Dell’s sell-off was surprising. DELL shares lost more than 5% on Thursday and fell another 17% in premarket trading on Friday. It beat the consensus for quarterly earnings by 1% but beat the consensus on revenue to $22.2 billion. One reason is that the AI server backlog fell $1 billion below expectations but is still at $3.8 billion. The other reason is that gross margin is expected to decline by 150 basis points in the coming quarters.
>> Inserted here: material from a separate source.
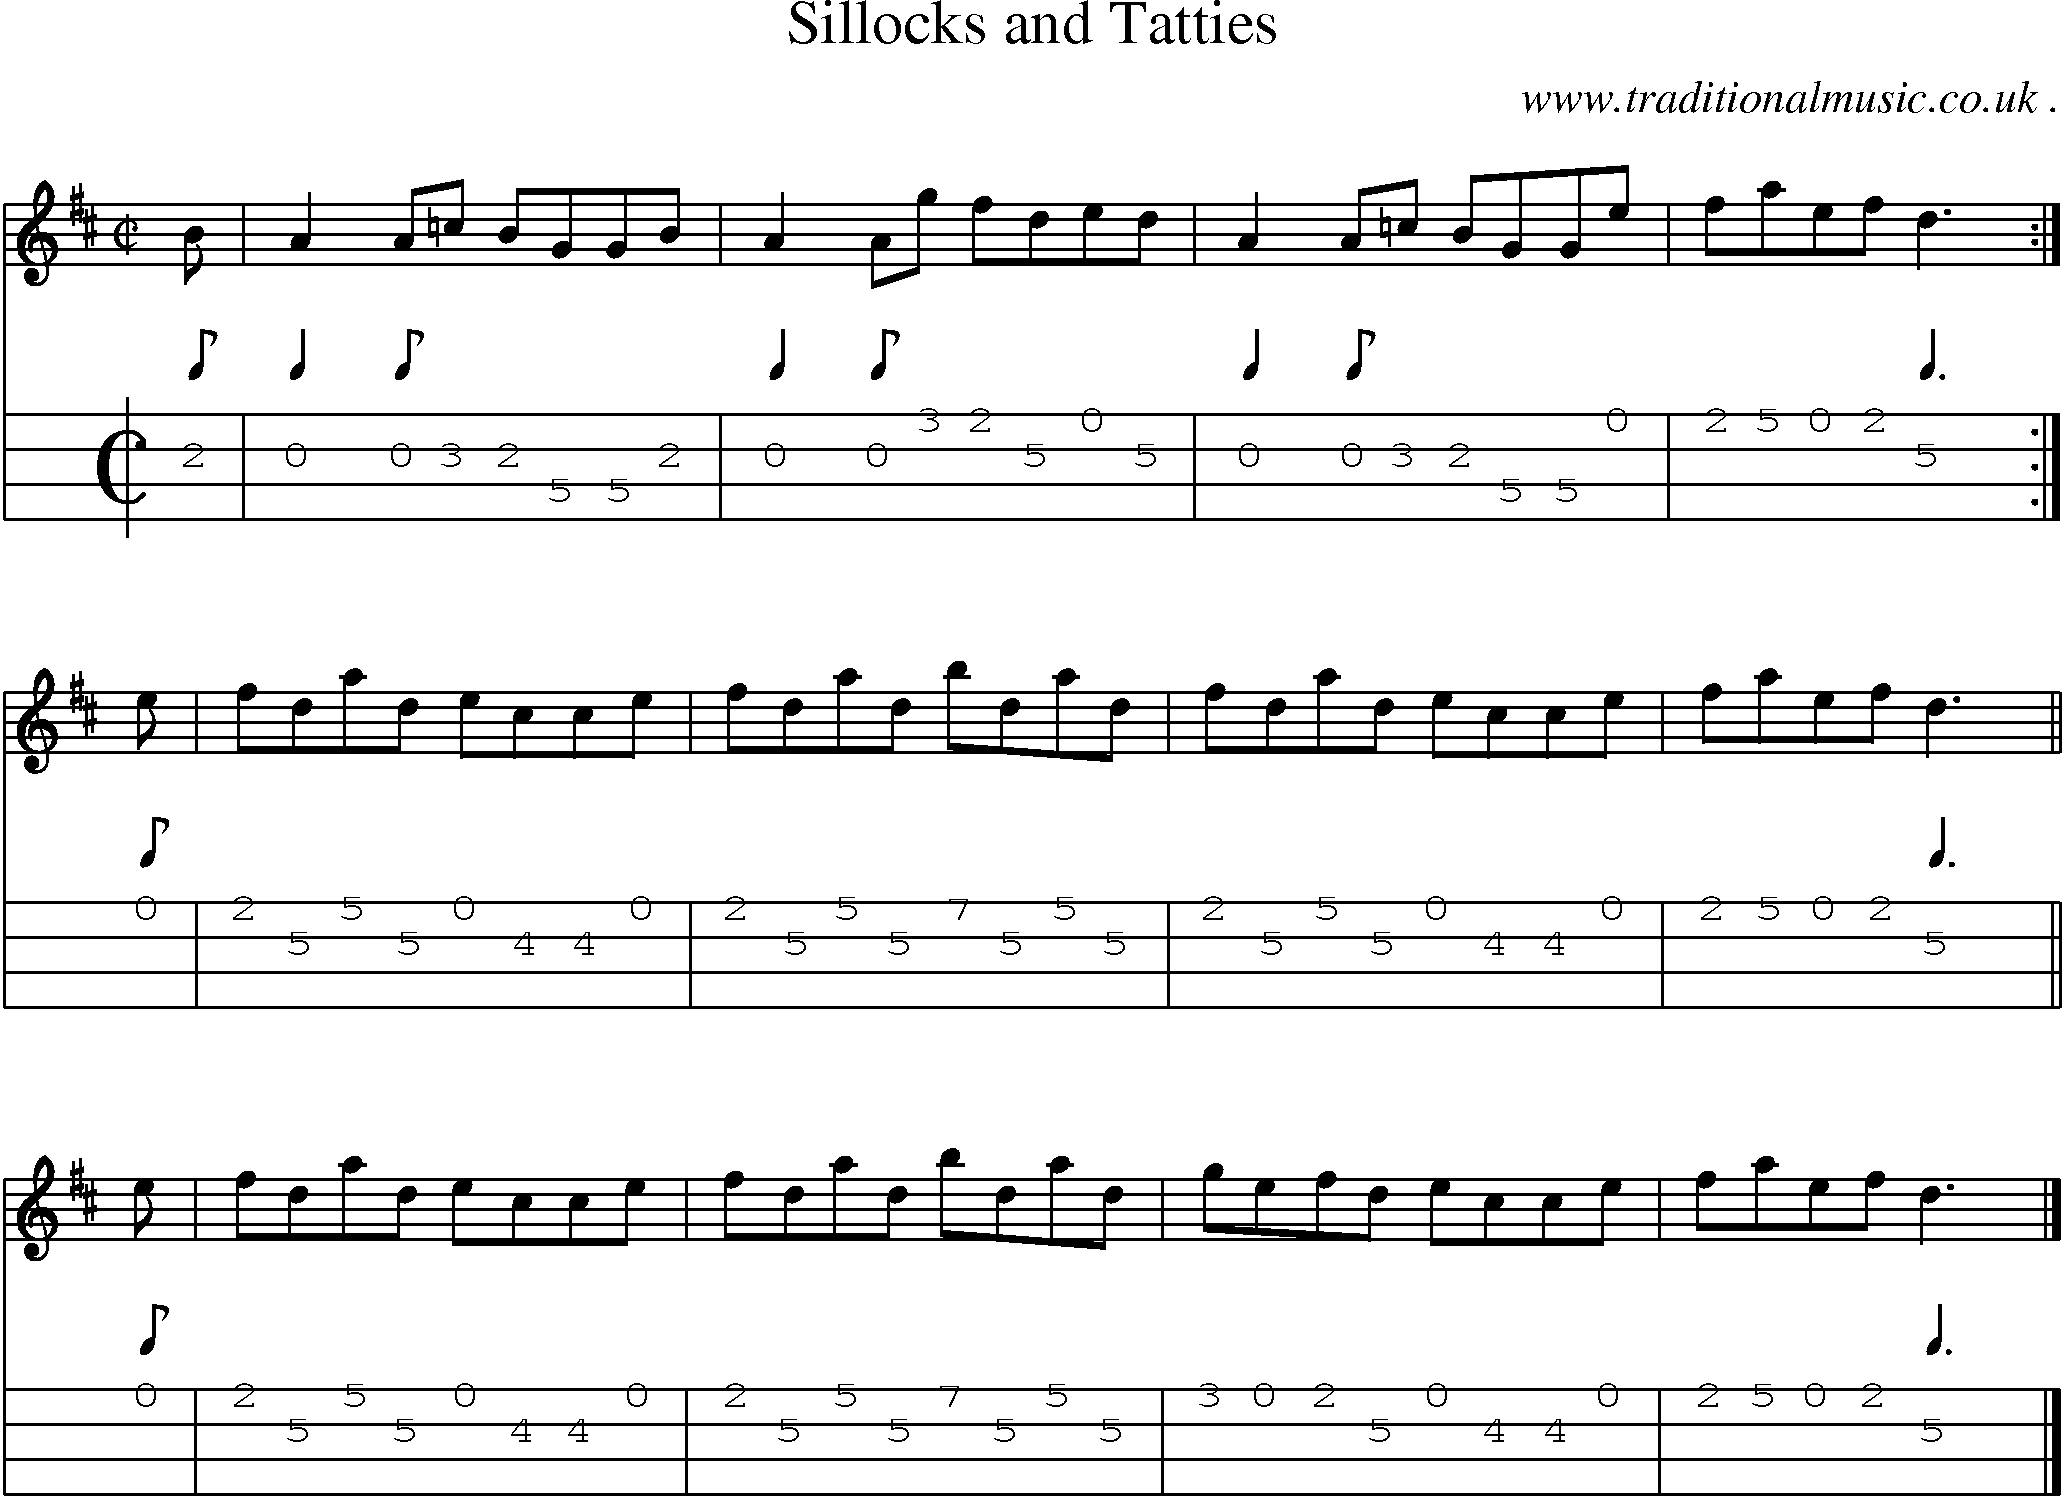 Sheet-music  score, Chords and Mandolin Tabs for Sillocks And Tatties

MongoDB lost more than 7% on Thursday and fell 24% in the premarket on Friday. Despite beating the Wall Street consensus, MongoDB lost weight on its Q2 outlook. Management said revenue should reach $462 million, below the consensus of $471 million. Earnings per share are also expected to fall below the consensus of $0.57, reaching between $0.46 and $0.49.
Nasdaq FAQs
NASDAQ is a US-based stock exchange that began its life as an electronic stock pricing machine. Initially, the Nasdaq only provided over-the-counter (OTC) stock quotes, but it later became an exchange as well. By 1991, the Nasdaq had grown to represent 46% of the total US stock market. In 1998, it became the first exchange in the United States to offer online trading. The Nasdaq also produces several indices, the most comprehensive of which is the Nasdaq Composite Index, which represents all of the 2,500-plus stocks in the Nasdaq, the Nasdaq 100.
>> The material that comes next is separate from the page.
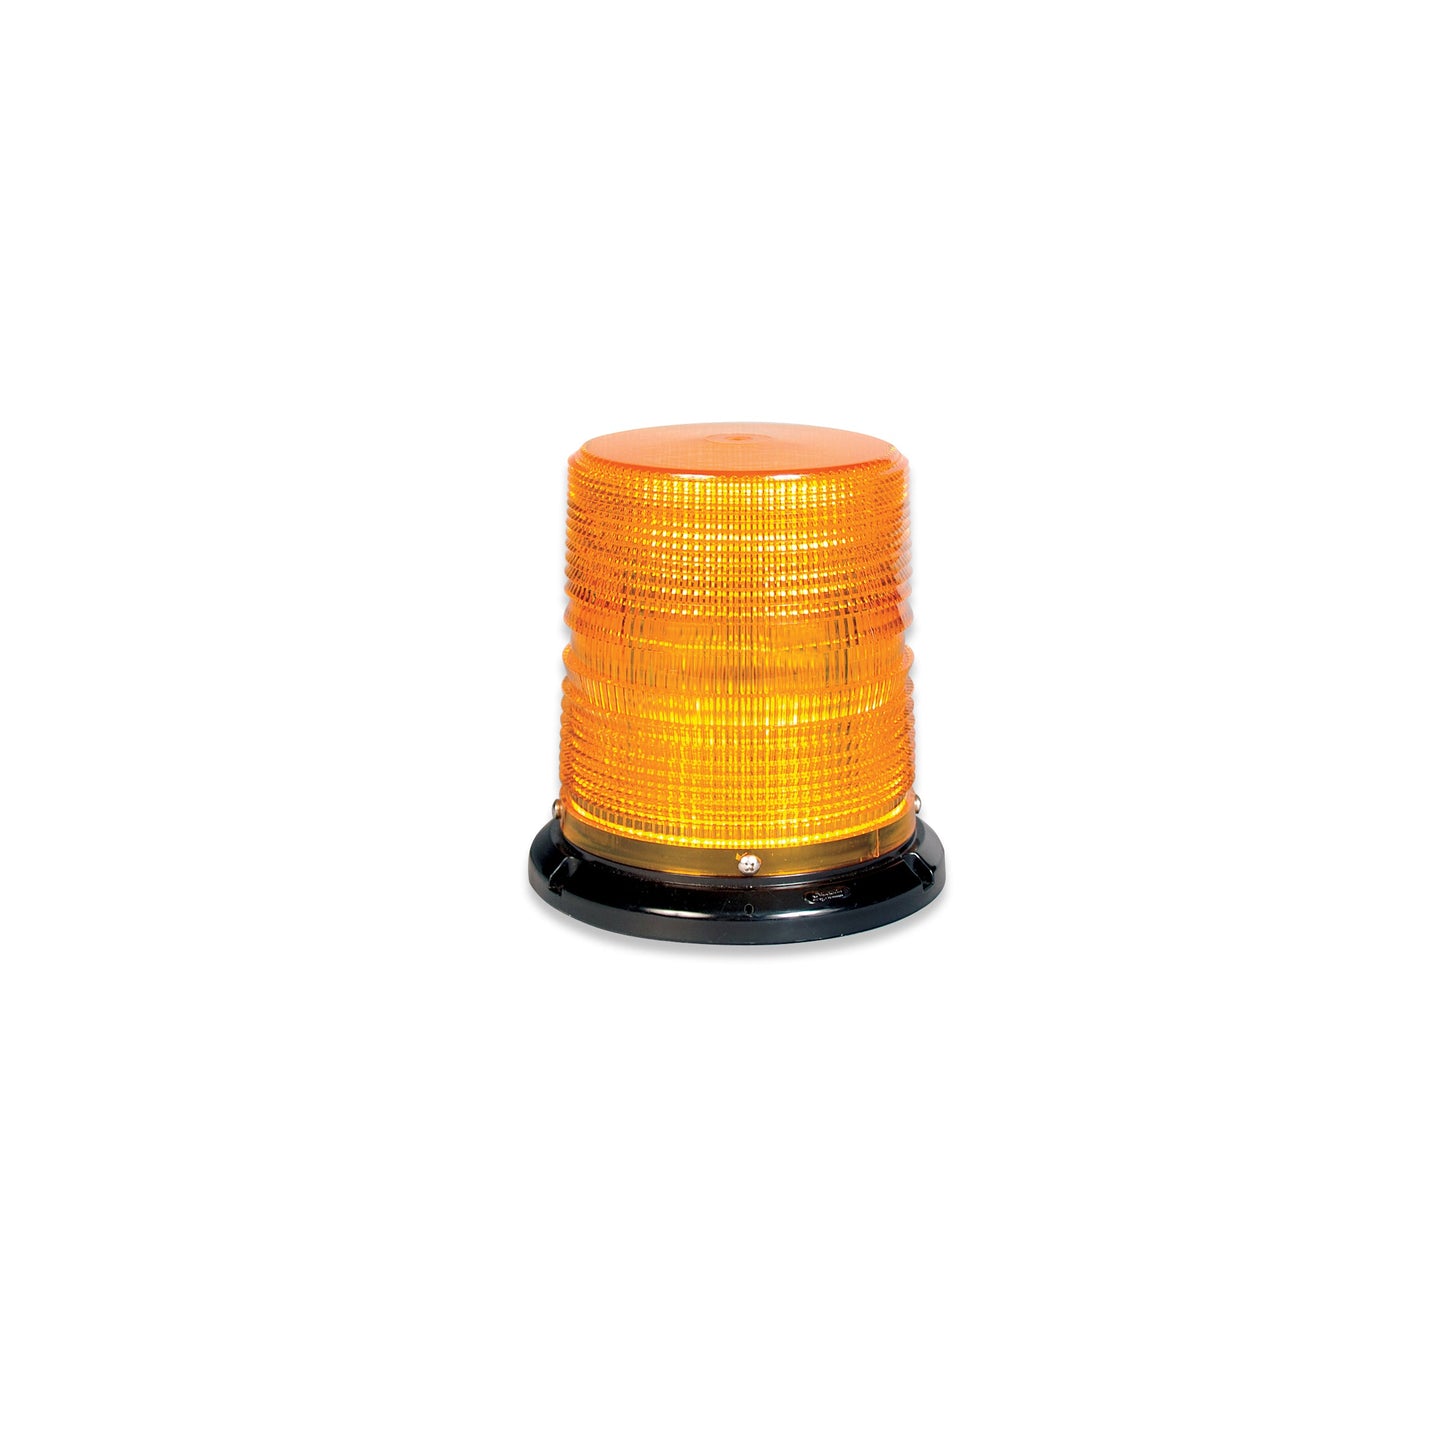 Soundoff Signal ELB45BCH0RR 4500 Series Led Beacon, 10-30V, Sae J845 Class 1 - Flat/Pipe Mount, 6" Red Dome/ Red Leds

The Nasdaq 100 is a large-cap index consisting of 100 non-financial companies from the Nasdaq Stock Exchange. Although it includes only a small portion of the thousands of stocks on the Nasdaq, it represents more than 90% of the movement. Each company’s impact on the index is market capitalization weighted. The Nasdaq 100 includes companies largely focused on technology although it also includes companies from other industries and from outside the United States. The Nasdaq 100 has averaged an annual return of 17.23% since 1986.
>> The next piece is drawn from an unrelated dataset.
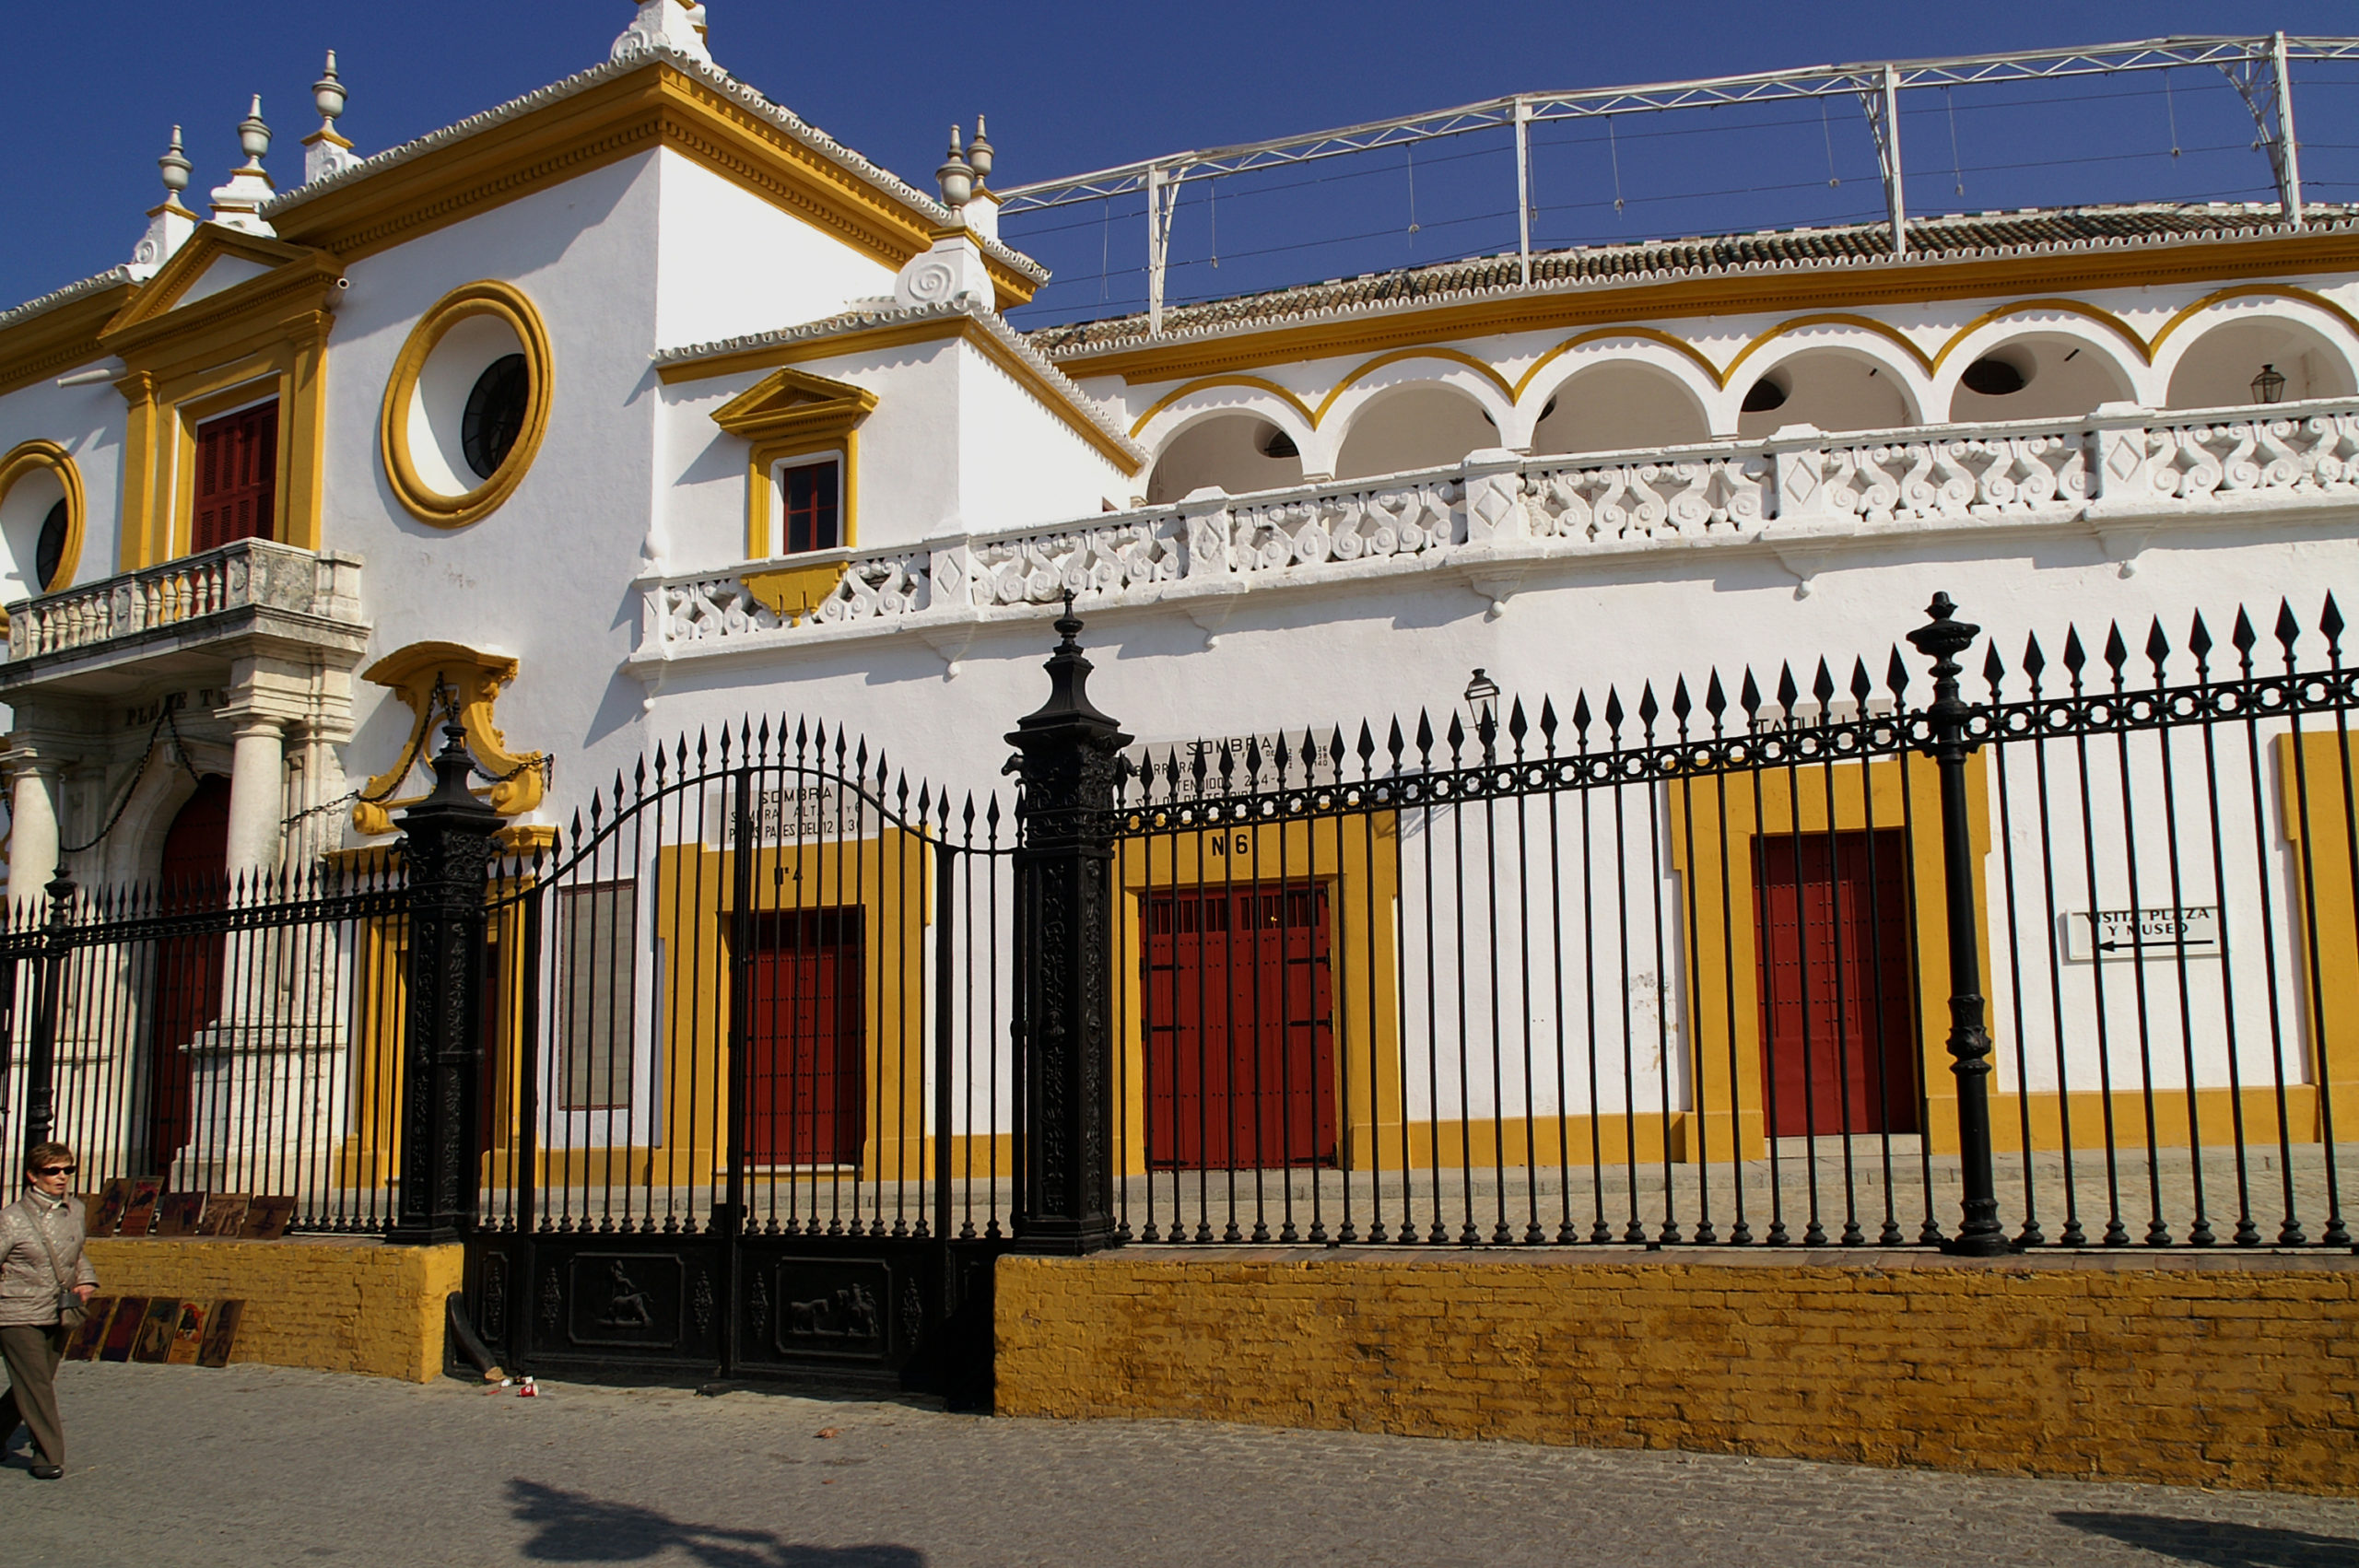 The building of Place in Seville- Plaza de Toros

There are a number of ways to trade the Nasdaq 100. Most retail brokers and spread betting platforms offer bets using Contracts for Difference (CFD). For long-term investors, exchange-traded funds (ETFs) trade like stocks that mimic the movement of an index without the investor needing to buy all 100 component companies. An example of an ETF is the Invesco QQQ Trust (QQQ). Nasdaq 100 futures allow traders to speculate on the future direction of the index. Options provide the right, but not the obligation, to buy or sell the Nasdaq 100 Index at a specified price (strike price) in the future.
There are many different factors that drive the Nasdaq 100, but primarily it is the overall performance of the component companies revealed in the company’s quarterly and annual earnings reports. US and global macroeconomic data also contribute to their impact on investor sentiment, which if positive leads to gains. The level of interest rates, which is set by the Federal Reserve, also affects the Nasdaq 100 because it affects the cost of credit, which many companies rely on heavily. As such, the level of inflation can also be a key driver as well as other metrics that influence the Fed’s decisions.
Nasdaq Forecast
The Nasdaq moved below the 9-day exponential moving average (EMA) on Thursday, for the first time since May 1. This could signal a decline in business, although Friday’s inflation news could lead to a rebound.
The Moving Average Convergence Divergence (MACD) indicator is displaying a potential crossover that would herald a downtrend as well. If the downtrend arrives over the next week, expect the NASDAQ to find a foothold between 16,000 and 16,250. This is the area where the indicator spent a lot of time.
A decline wouldn’t be surprising given that the Nasdaq just hit 17,000 for the first time ever earlier this week. In other words, consolidation appears to be in line with expectations.